Sir Michael Parkinson today accepted £25,000 libel damages plus costs over claims made in the Daily Mail that he had lied about his family background.
Associated Newspapers, publisher of the Daily Mail, apologised at the High Court this morning after admitting that claims made in an article from May headed ‘Who’s Telling Parkies’were untrue.
Acting for Parkinson, Mark Thomson, of law firm Atkins Thomson, told Justice Eady, the story caused considerable distress and harm to 74-year-old broadcaster as it suggested he behaved in an insensitive way towards his elderly uncle, Bernard Parkinson, and alleged he had lied about his family background.
Thomson said the article suggested Parkinson painted a ‘false picture of a harmonious and close knit family’and presented his father as an honest and well-liked man.
In a statement, Parkinson said: “As a journalist myself, I have been reluctant to take legal action against any newspaper. Where defamatory allegations have been published about me, I have always until now turned a blind eye.
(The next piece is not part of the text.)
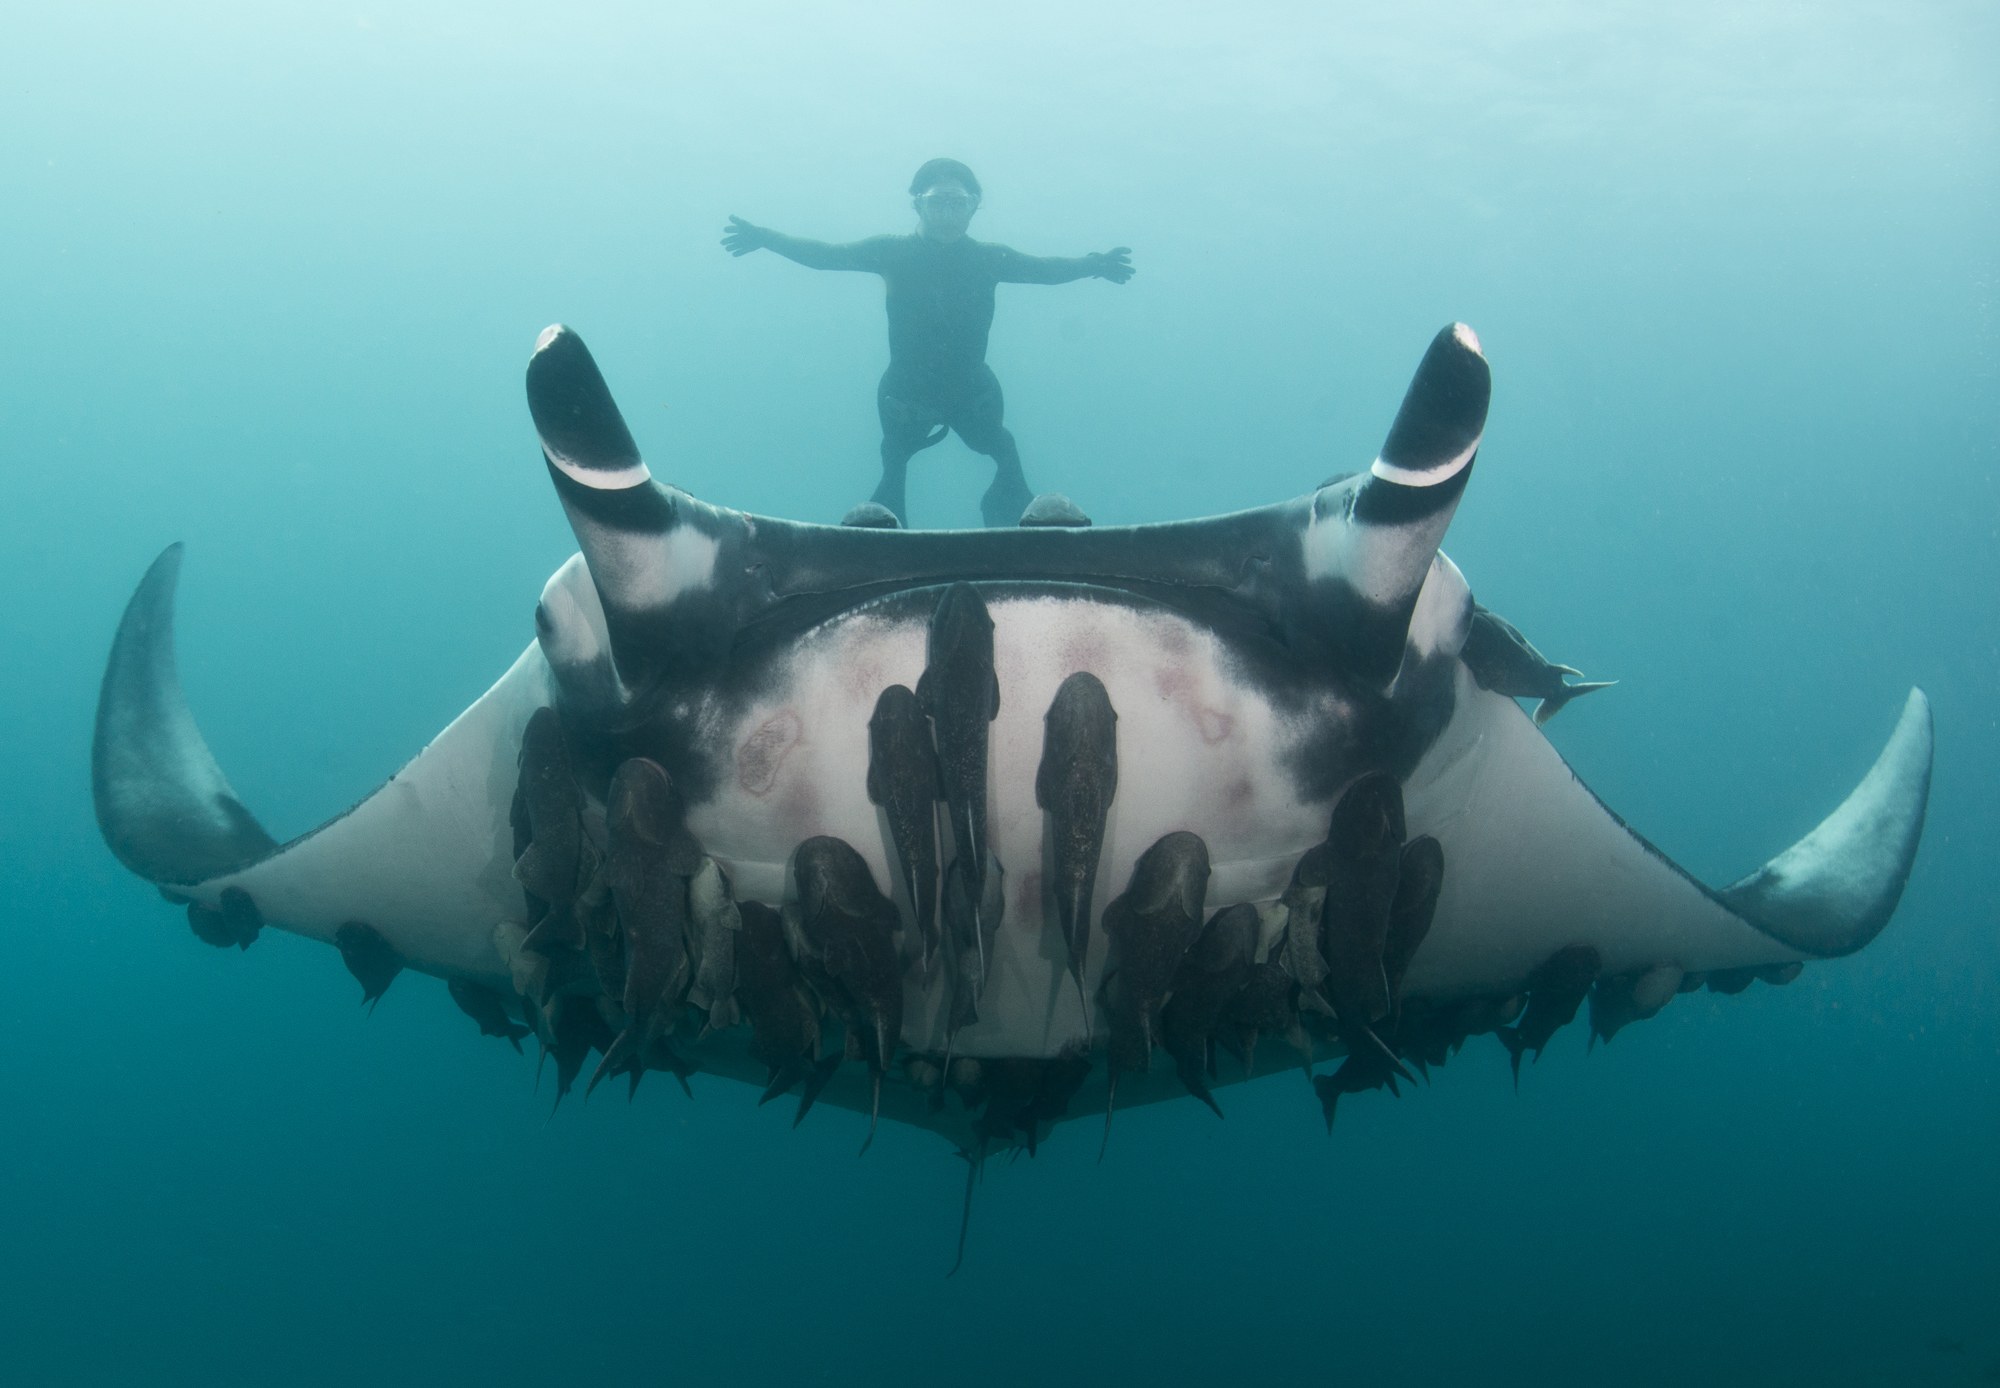 Meet the Scientist Snapping Selfies With Giant Manta Rays | WIRED
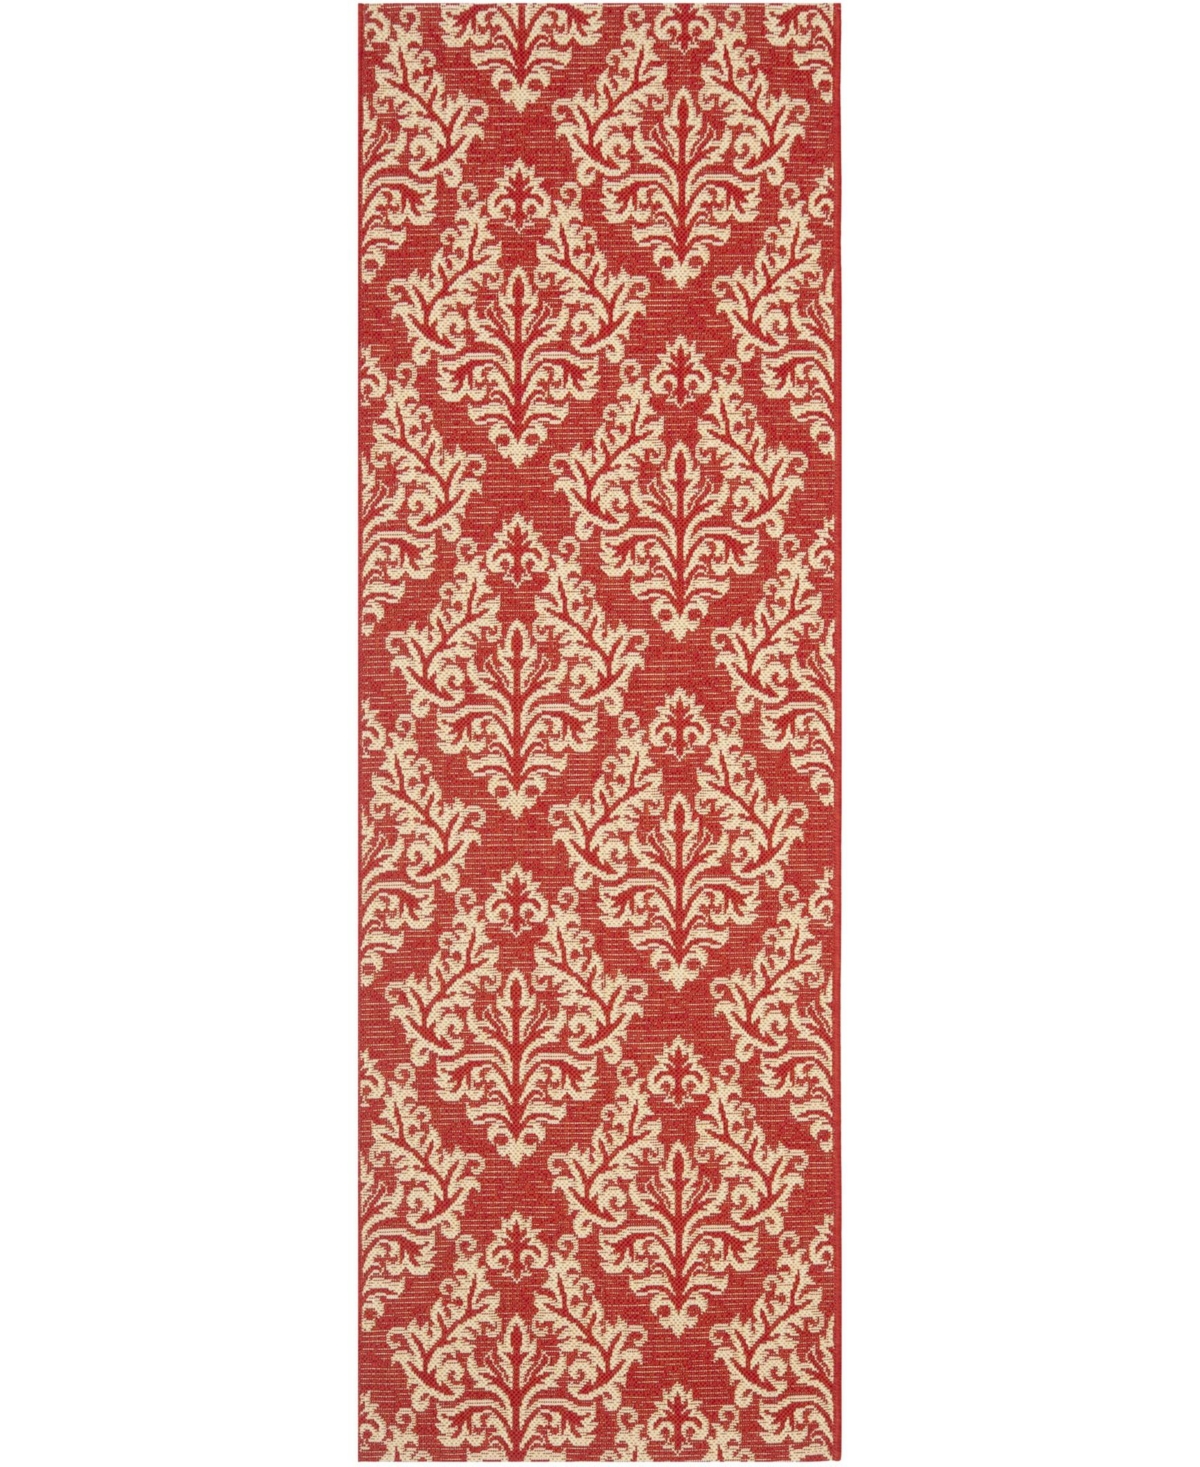 Safavieh Courtyard Cy6930 Red And Creme 2'3" X 6'7" Runner Outdoor Area Rug

“However, I decided that the Daily Mail had crossed a line by a long way, especially as they knew my views on my father and my family, having serialised my autobiography in September 2008, a serialisation which commenced with a detailed description of my love for my father and the inspiration he gave me.”
Parkinson said he believed it was ‘standard journalistic practice, as well as a matter of common decency’for a newspaper to apologise publicly and promptly when it made a mistake.
“In this case, it should not have taken nine months nor been so difficult for the editor to apologise promptly,’he said.
“Moreover, I believe that the persistent delaying tactics of the Daily Mail were both unattractive and unworthy of a national newspaper.
“At a time when the media is seeking greater freedom, I think it is counterproductive for a newspaper to behave in this way.”
Parkinson, who was in court, said he would donate the full amount between the Alexander Devine Children’s Cancer Trust and a school for orphans in South Africa.